Africa Theater

Ghana: four killed in chieftaincy succession dispute

The government of Ghana has sent in hundreds of army troops and declared a curfew in the township of Keta, Volta Region, after four people were killed in a longstanding chieftaincy dispute Nov. 1. One of the dead was a police officer, reportedly kidnapped by one of the rival factions after the clash. Security officials said one royal family in the district of Anloga was preparing a ceremony to install a new chief, when some 100 people from a rival family—armed with AK-47s and clubs—raided the site. The group opened fire on the some 40 police who were guarding the site, and the police returned fire. Three civilians died in the shooting, including a woman. The two royal families, both of the Anlo people, have been fighting over who should succeed the paramount chief—the Awoamefia in the Ewe language —who died 10 years ago.

DARFUR: NOT A "CLASH OF CIVILIZATIONS"

Global Capital Connives with African Genocide

by Ba Karang, The Hobgoblin, UK

Going by the most recent estimates, in Darfur more than 200,000 people have been killed and more than 2 million displaced as refugees. But, despite rhetorical pronouncements against the genocide, the world seems to be more preoccupied with other business and "values" (sic) than the lives of Black Africans dying in the desert.

Somalia: Mogadishu explodes again

From Shabelle Media Network via AllAfrica.com, Oct. 27:

More than 15 people mainly civilians and seven Ethiopian soldiers have been killed and many more have been injured after insurgents and government-allied forces battled with different sorts of weapons like, machine guns, rocket-propelled grenades, mortars and other automatic rifles.

Darfur rebels boycott peace talks, target oil industry

Libyan authorities expressed pessimism as key Darfur rebel factions failed to show up for the peace talks with the Sudanese government at the Mediterranean port of Sirte.

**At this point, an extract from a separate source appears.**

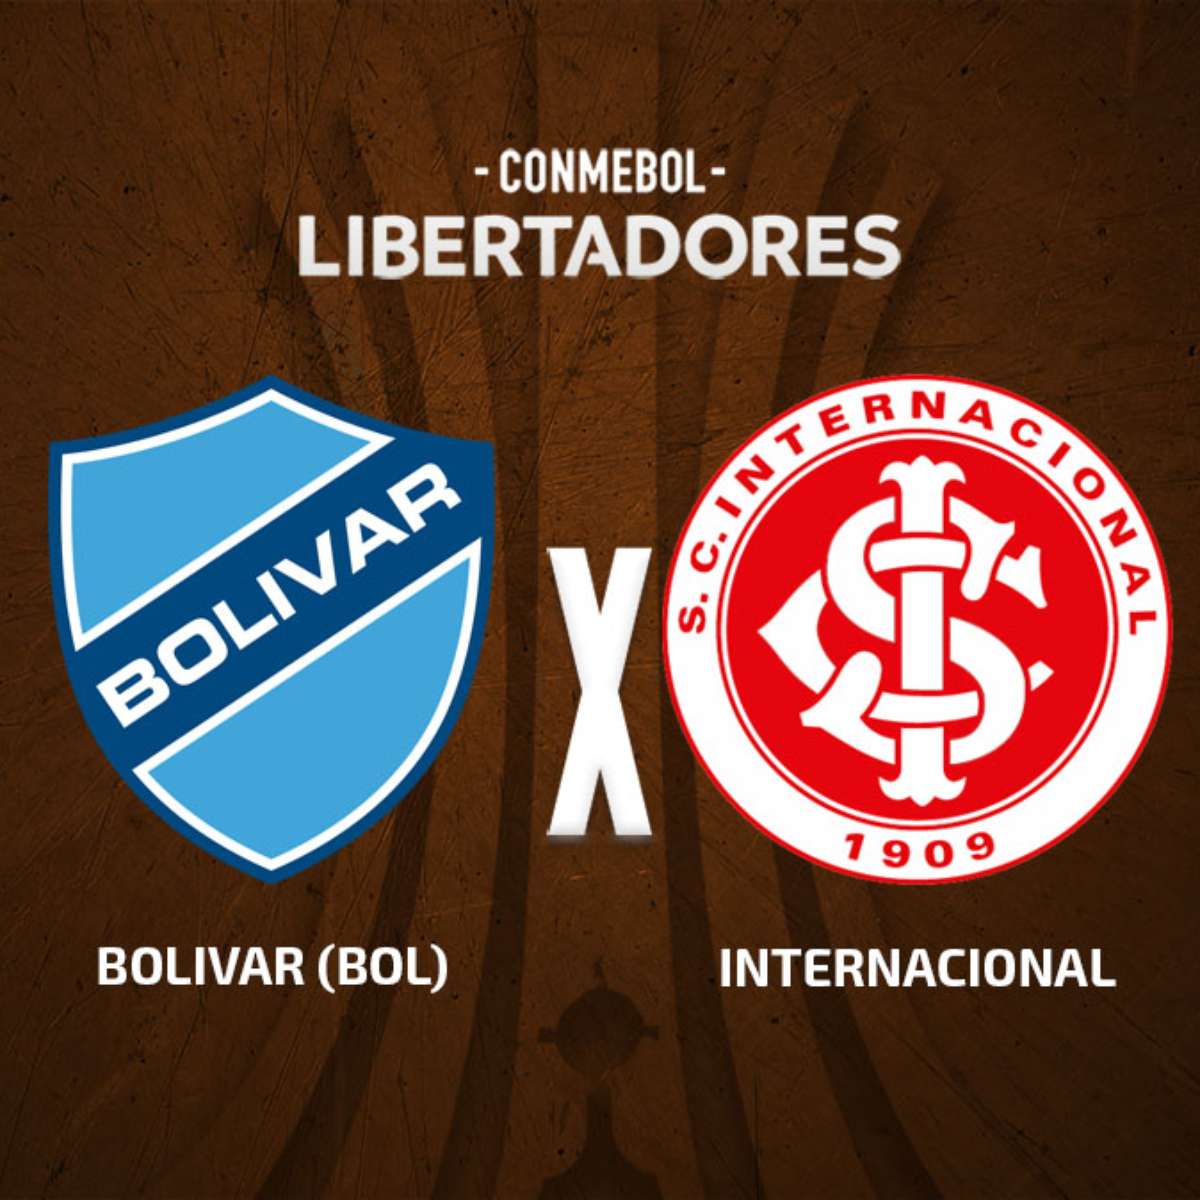 Bolivar REY De COPAS - Preparado para voltar a sentir a 𝗩𝗜𝗕𝗥𝗔𝗖̧𝗔̃𝗢  𝗗𝗢 𝗕𝗘𝗦𝗦𝗔? 💯 Vamos receber o Club Bolívar, atual campeão da Bolívia  🇧🇴, no 𝗷𝗼𝗴𝗼 𝗱𝗲 𝗮𝗽𝗿𝗲𝘀𝗲𝗻𝘁𝗮𝗰̧𝗮̃𝗼 aos Sócios ⚽
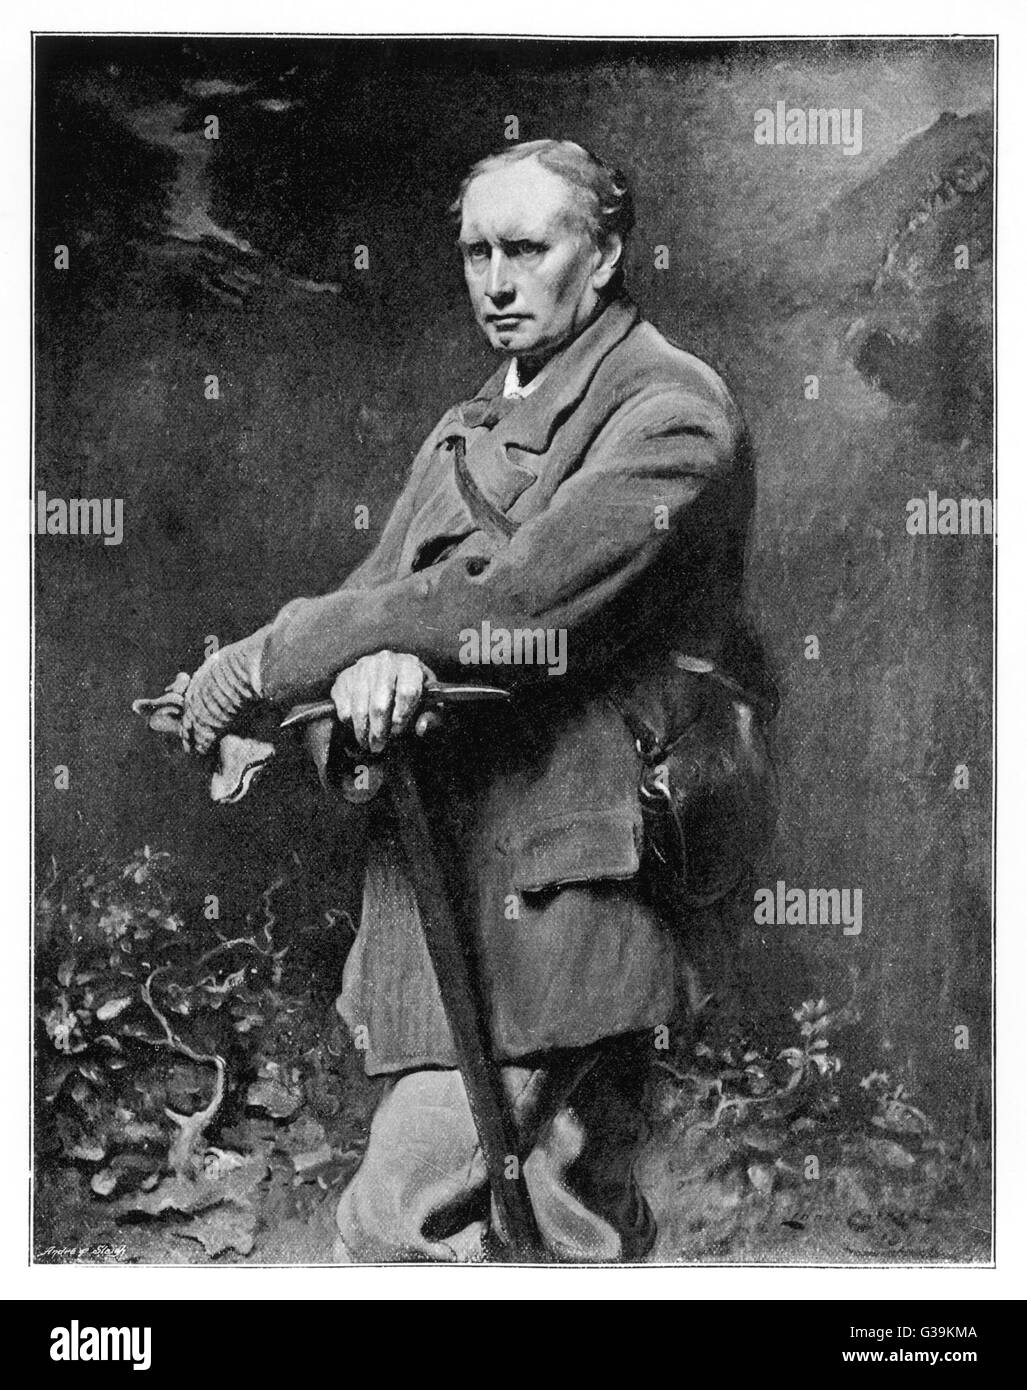 EDWARD WHYMPER produktiver Alpinist und talentierte Holzstecher. Seine Bildbände auf alpine Exploration mit Holzstichen.     Datum: 1840-1911 Stockfoto

On the eve of the AU/UN-mediated talks, the Justice and Equality Movement (JEM) and Sudan Liberation Army Unity faction announced they would not attend. Another rebel commander, Abdel Wahed Mohamed el-Nur, founder of the Sudan Liberation Army (SLA), also said he would not travel to Libya for the talks. (Reuters, Oct. 28)

Sudan detains Darfur rebel leaders; South pulls out of peace deal

As the Great Powers condescendingly admonish Darfur's guerillas to participate in the peace talks to open in Libya next week, on Oct. 11, some 22 representatives of Darfur rebel groups were stopped by Sudanese government forces on their way to a pre-summit meeting in the country's autonomous south. They arrived in Juba, south Sudan's capital, after they were detained by soldiers at an airstrip in the North Darfur town of Kotum for several hours. They were apparently released after Sudan's Foreign Affairs Minister Lam Akol intervened. (Reuters, Oct. 12)

UK lectures Darfur rebels —as Sudan attacks

The UK warned Darfur's rebel groups Oct. 8 they could be excluded from the peace process if they boycott talks due to be held in Libya later this month. London's Minister for Africa, Lord Malloch Brown, said those who opted out "should understand the consequences." (BBC, Oct. 8) The comments came the same day Sudanese government troops and allied militias attacked and overran Muhajiriya, a town controlled by the Minni Minnawi faction of the Sudan Liberation Army (SLA)—the only faction to sign the 2006 peace deal. Khalid Abakar, a senior representative from the SLA, said: "Government planes have attacked Muhajiriya, which belongs to us, and government forces and Janjawid militia are fighting our forces." A UN official said the assault may be retaliation for a rebel attack on an African Union peacekeeper base to the north in Haskanita last week. Some members of the rebel factions involved in the attack are believed to have moved into Muhajeria. (AlJazeera, AP, Oct. 8)

Split in Somali resistance?

Abu Mansur Robow, ex-deputy defense secretary with Somalia's ousted Islamic Courts movement, told Mogadishu radio Oct. 3 that his Shabaab resistance group has "nothing to do" with the Alliance for the Re-liberation of Somalia (ARS), recently founded by Somali opposition leaders in the Eritrean capital Asmara. Robow said al-Shabaab was "not satisfied" with the Asmara conference.

What is Eritrea's Sudan strategy?

Over at the CIA, they must really be scratching their heads over Eritrea. It is hosting the exiled Islamist leaders of Somalia and is accused by Washington of backing Islamist insurgents there. But the New York Times reports Oct. 5 that it also hosts "more than half a dozen Darfur rebel groups" fighting the Islamist government of Sudan—including the United Front for Liberation and Development, which has been provided with its own offices by the Asmara regime, free of charge. The Times also points out that last year Eritrea's President Isaias Afewerki "brokered a peace deal between the Sudanese government and rebels in a separate conflict in eastern Sudan that had ground on for 15 years and that cost thousands of lives." (This is a reference to the Beja region, although the Times, in its maddening way, does not mention it by name.) Is this a schizophrenic policy, or is there some consistency here that we're missing?